NEW YORK (GenomeWeb News) – Synonymous SNPs that don't change the amino acid sequence encoded by a gene appear just as likely to influence human disease as non-synonymous SNPs that do, according to a paper appearing online recently in PLoS ONE by researchers from Stanford University and the Lucile Packard Children's Hospital.
"Most people ignore synonymous SNPs because they think that what could the importance be if it's not changing the amino acid in a protein," senior author Atul Butte, a biomedical informatics and pediatrics researcher at Stanford, told GenomeWeb Daily News.
"But at the same time, there are a lot of SNPs that show up in GWAS," he added, noting that such SNPs have been detected in coding regions as well as gene deserts.
Butte and his team brought together findings from some 2,100 studies to come up with a database representing more than 21,000 documented associations between SNPs and disease. When they scrutinized the frequency and effect sizes for nine different types of SNPs in this database, the researchers discovered that about as many synonymous genetic variants have been tied to disease as non-synonymous SNPs — with comparable effect sizes.
Although recent genome-wide association studies have uncovered thousands of SNPs associated with various common diseases, the researchers explained, it's unclear whether non-coding SNPs and synonymous coding SNPs have the same likelihood of influencing disease as non-synonymous coding SNPs that drastically alter a protein's amino acid sequence.
To explore this question, Butte and his co-workers incorporated and annotated data on 21,429 SNP-disease associations reported in 2,113 published studies. The data is housed in a database that also contains details about the disease being assessed, phenotype, population, and more.
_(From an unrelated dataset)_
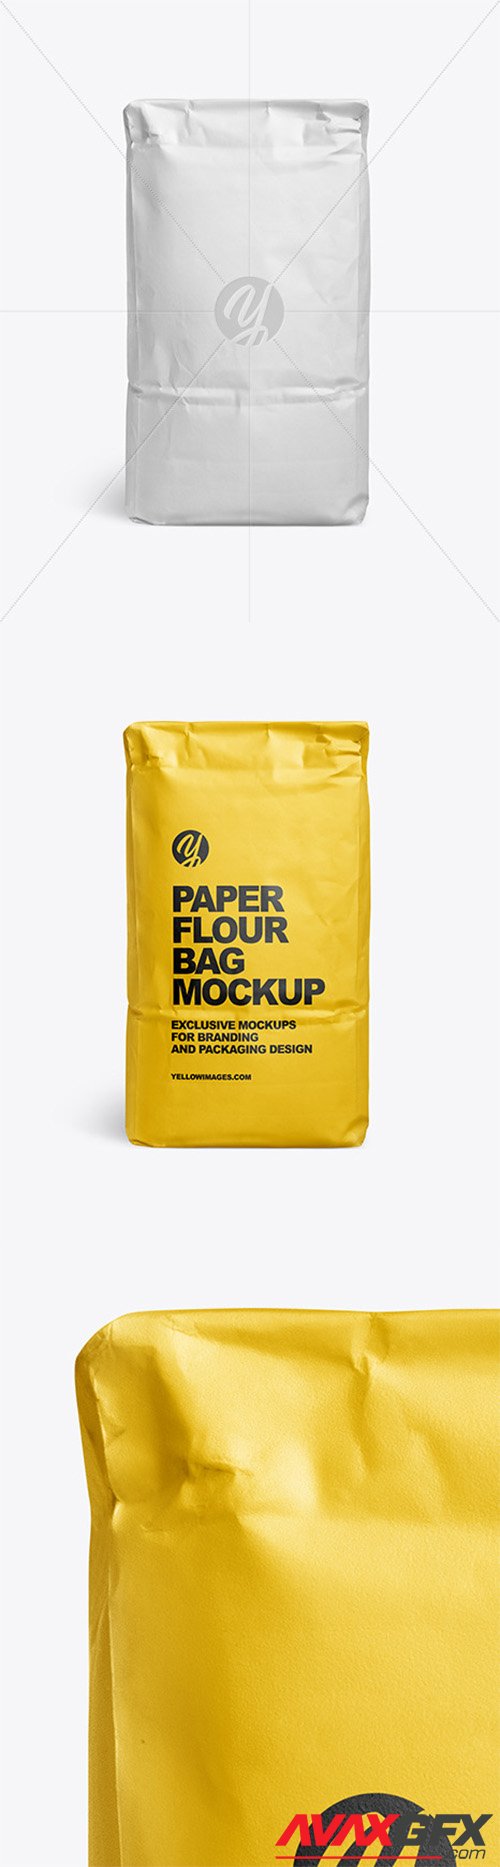 Download Paper Flour Bag Mockup Front View 61238 Avaxgfx All Downloads That You Need In One Place Graphic From Nitroflare Rapidgator Yellowimages Mockups

Using this information, the researchers were able to compare the frequency of different sorts of SNPs and their odds ratios, looking specifically at nonsense, non-synonymous, and synonymous SNPs, as well SNPs found in various parts of the genome, including 5'-UTRs, 3'-UTRs, UTR-adjacent areas and intronic and intergenic regions.
While nonsense SNPs producing premature stop codons were most often linked to disease, the team explained, they found similar association frequencies for non-synonymous and synonymous SNPs and for SNPs in 5'-UTR regions of the genome. They also found similar effect sizes for the synonymous and non-synonymous variants.
The team's analyses also indicated that variants in microRNA binding site sequences and other 3' untranslated regions may be an unappreciated source of disease-associated variants. In addition, they noted that SNPs in intronic parts of the genome may be relevant to disease — particularly those in the first intron, which appear to be more likely to harbor disease-associated variants than other introns.
Though they conceded that the synonymous SNPs don't necessarily represent causal variants, the researchers predict that focusing on nonsense and non-synonymous SNPs alone when doing functional studies following up on GWAS would overlook more than 90 percent of the variants linked to disease.
"Our results suggest that [synonymous SNPs] are just as likely to be involved in disease mechanisms, so we recommend that [synonymous SNPs] discovered from GWAS should also be examined with functional studies," the team wrote.
More research is needed to determine how synonymous SNPs could contribute to disease, Butte explained. But past studies suggest variants altering the type of codon designated by sequence can lead to changes in transfer RNAs binding, he noted, and synonymous changes could also affect RNA structure and/or stability.
"There are these theories, but it's really case examples right now," Butte said. He noted that his team is currently doing follow-up work looking at the role of specific synonymous SNPs in disease.